Key Phase 2 -  Making Sense of It All: Using the Hero's Journey to Integrate the Experience
At some point we will probably want to make sense of all that we have been through. The Hero's Journey comes down to us through the centuries from ancient mythological stories. Essentially, it offers us a map or a model through which we can explore our experiences. The Hero is each and every one of us, as we belong at the centre of our own story. We go through various events, whether outer happenings or inner psychological and emotional events, which can be seen as the different stages of the Hero's Journey. Mythological themes were prominent for Kate:

"Unaware of the Greek myth of Persephone, I developed a mysterious obsession with pomegranates from the corner shop next to my lodgings and was eating one a day. As the urge to consume the blood-red seeds Persephone ate before her abduction by Hades faded, the narrow doorway to the Underworld shut behind me."

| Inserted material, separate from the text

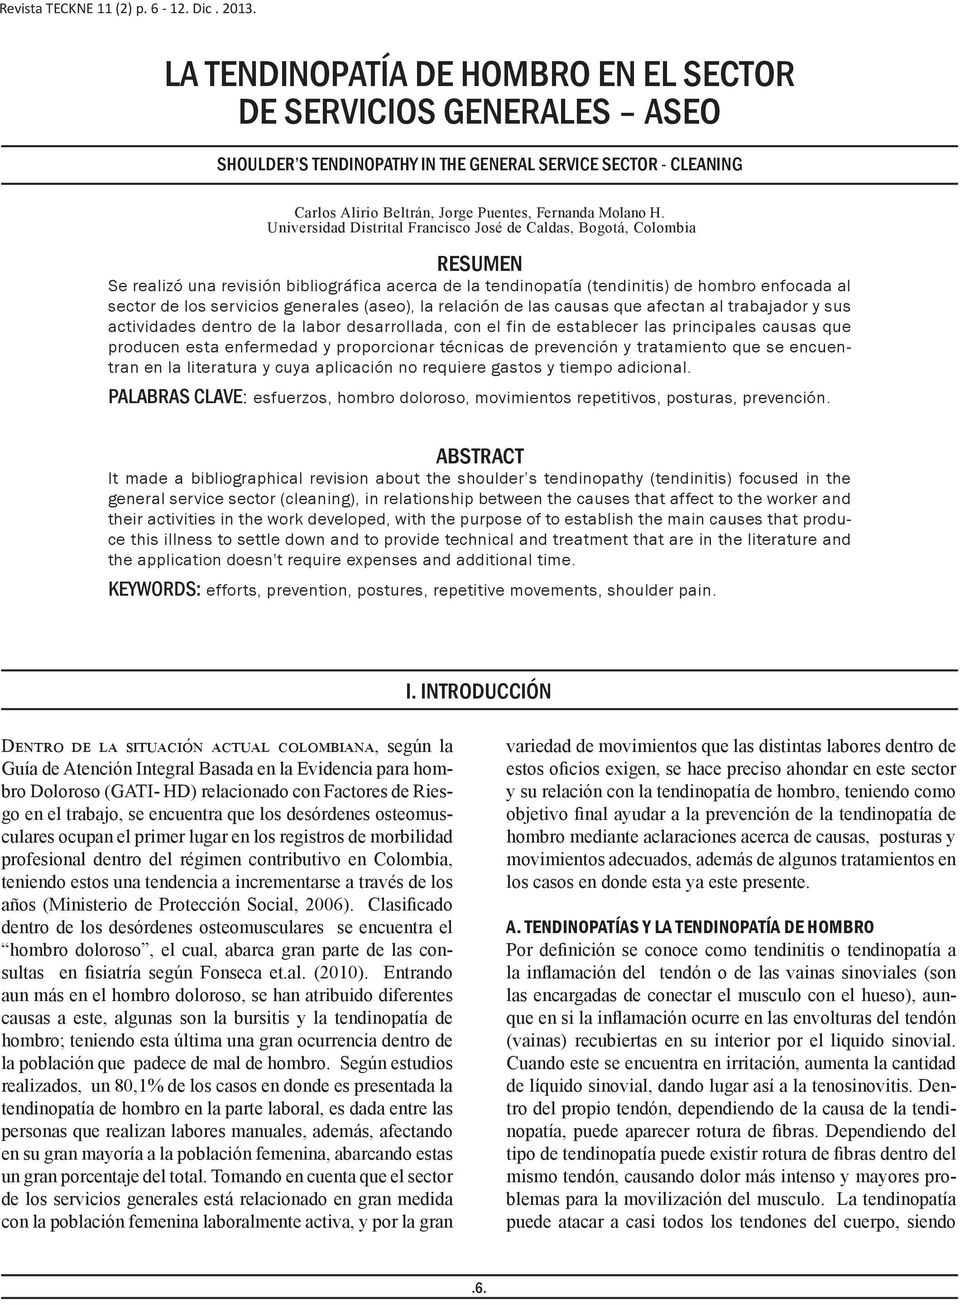 Universidad Distrital Francisco José de Caldas, Bogotá, Colombia RESUMEN Se realizó una revisión bibliográfica acerca de la tendinopatía (tendinitis) de hombro enfocada al sector de los servicios

From the initial Call to Adventure to Meeting the Mentor, from the Supreme Ordeal to the Road Back and the final Return with the Elixir, we can identify the different stages of the Hero's Journey in what we have been through.[4] As we explore our experiences through writing about them, or even drawing or painting about them, we can begin to make sense of it all. We can see where we have maybe been blocked and not able to move forward; we can see what the learning is.

Because the Hero's Journey is truly universal, it is relevant whatever we have experienced. This second Key Phase of integrating all that we have been through will help us ground our learning in reality and help us feel ready to face the world again, now renewed.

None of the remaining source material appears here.